Somehow, I always thought Delaware was a Native American term until I began working on this sermon. But no, the place name Delaware that then was also applied to the people honored Thomas West, Third Baron De La Warr, an English nobleman and the Colony of Virginia’s first colonial-era governor.

Tomorrow is Indigenous Peoples’ Day. Let us make a commitment to undoing our own and our communities’ non-education and miseducation about Native Peoples. When we lose one people’s history, one people’s heritage, one people’s language, one people’s culture, something has been lost not just by those people but by all people.
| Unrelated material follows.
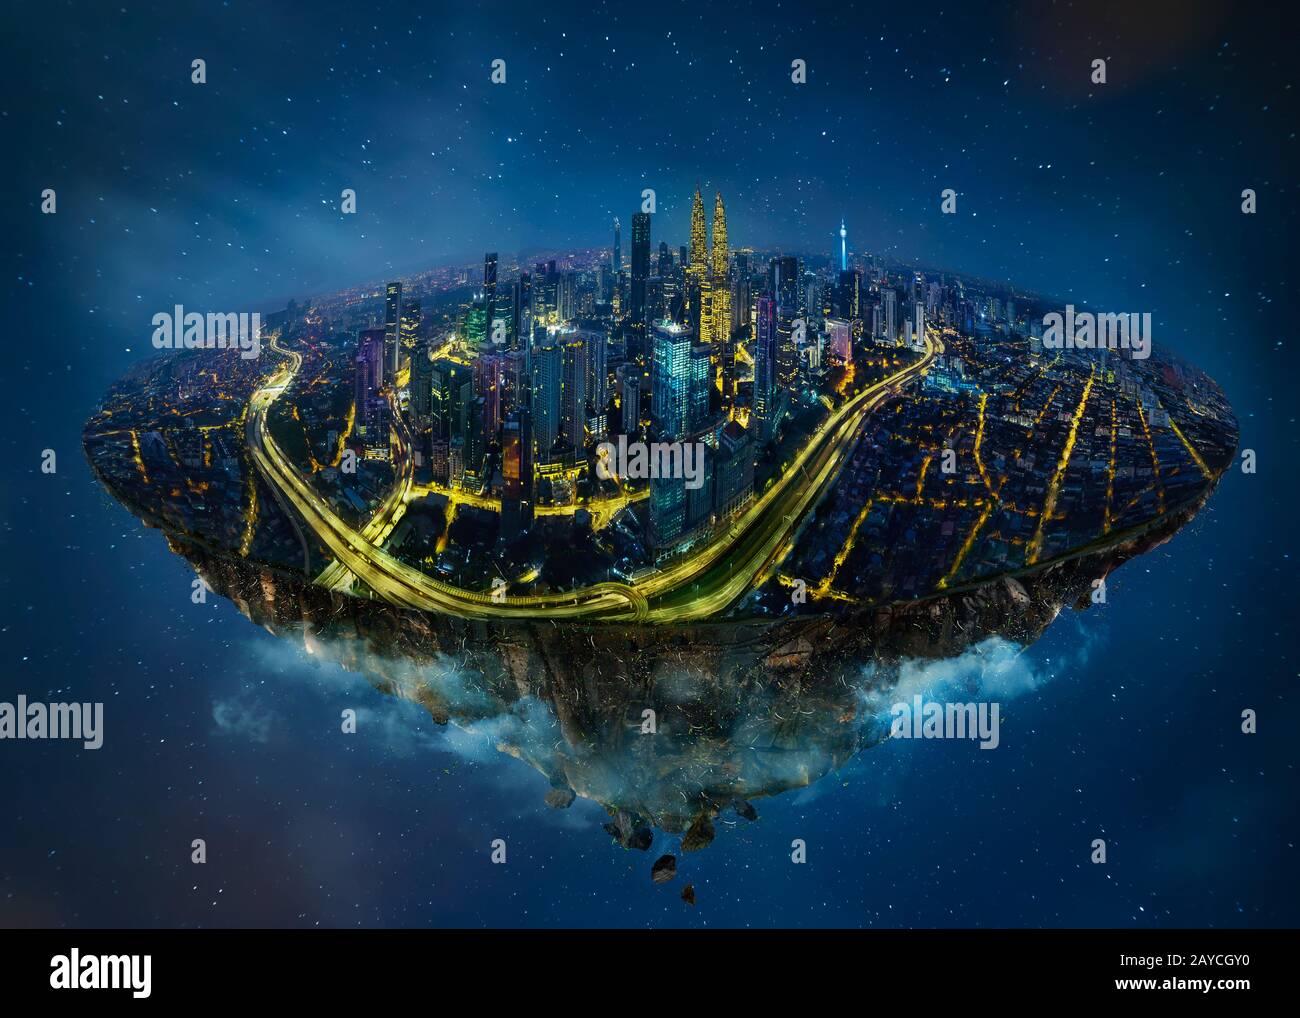 Fantasy island floating in the air with modern city skyline Stock Photo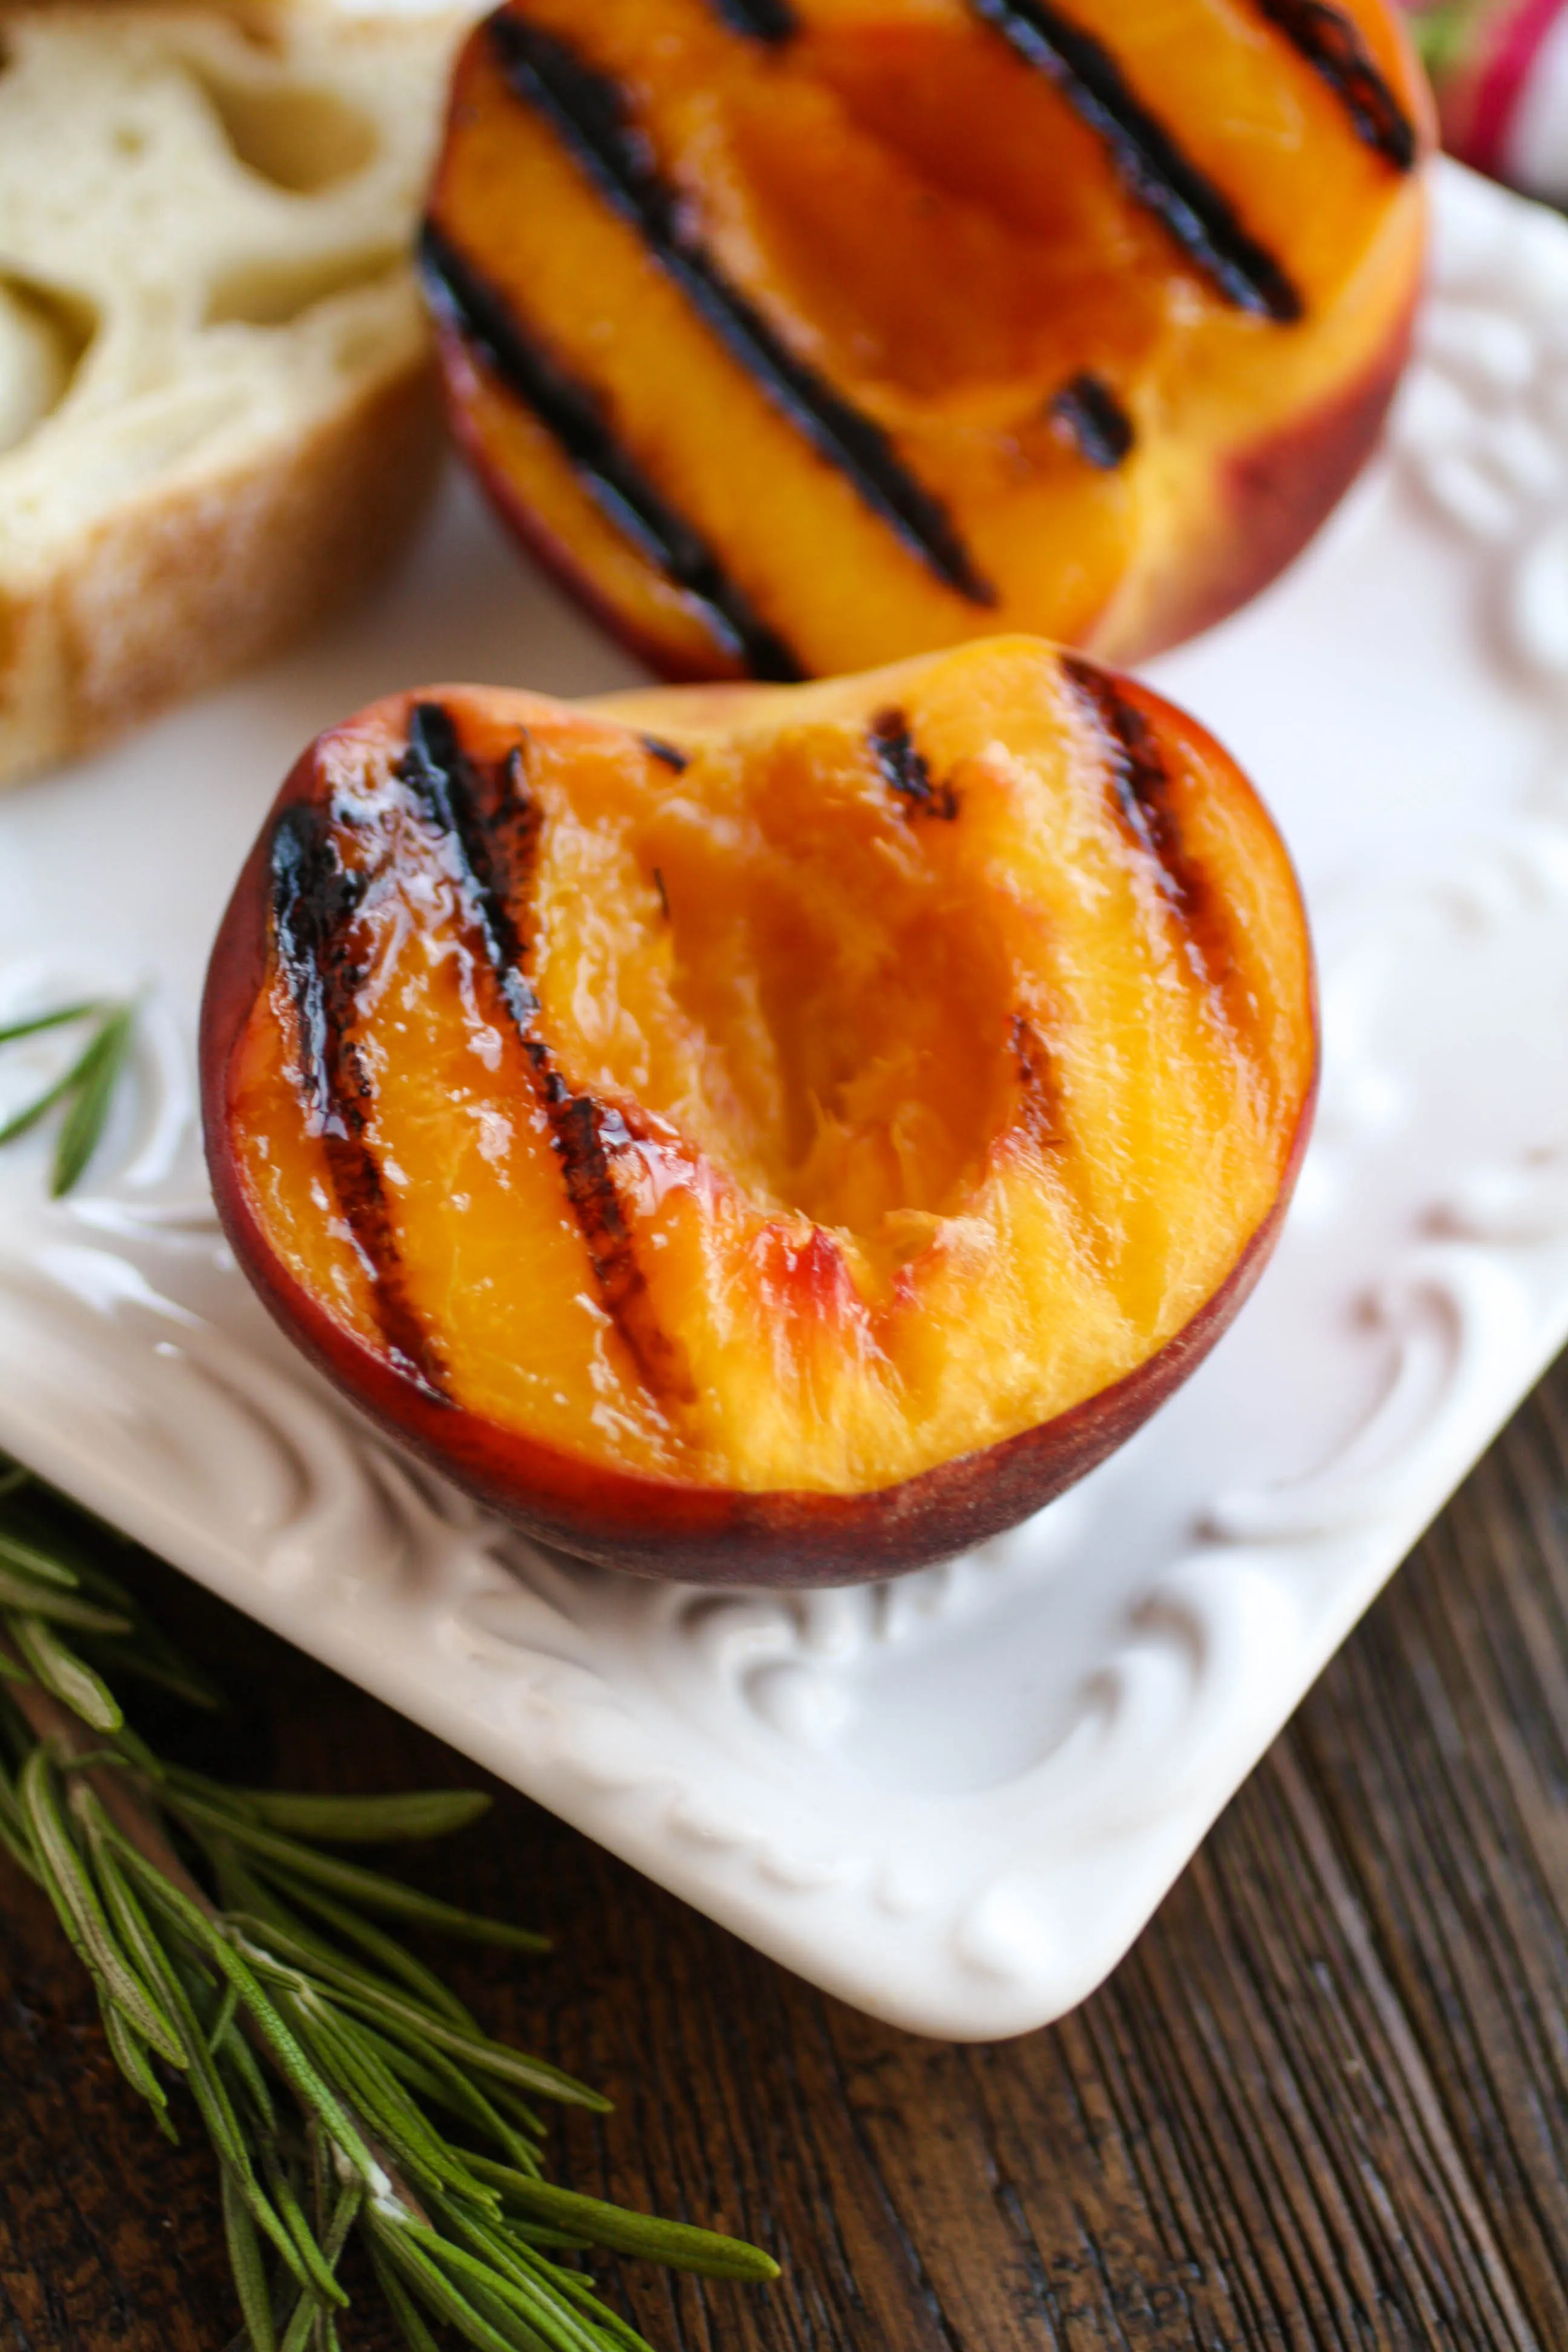 Rosemary Whipped Feta with Grilled Peaches and Honey is a fun party treat! This appetizer will steal the show!

The early twentieth century Lakota holy man Black Elk said, “Then I was standing on the highest mountain of them all, and round about beneath me was the whole hoop of the world. And while I stood there I saw more than I can tell and I understood more than I saw; for I was seeing in a sacred manner the shapes of all things in the spirit, and the shape of all shapes as they must live together like one being.

“And I saw the sacred hoop of my people was one of the many hoops that made one circle, wide as daylight and as starlight, and in the center grew one mighty flowering tree to shelter all the children of one mother and one father. And I saw that it was holy….”

“One earth, one people, one love.” (From our Time for All Ages Indigenous People’s Day Song).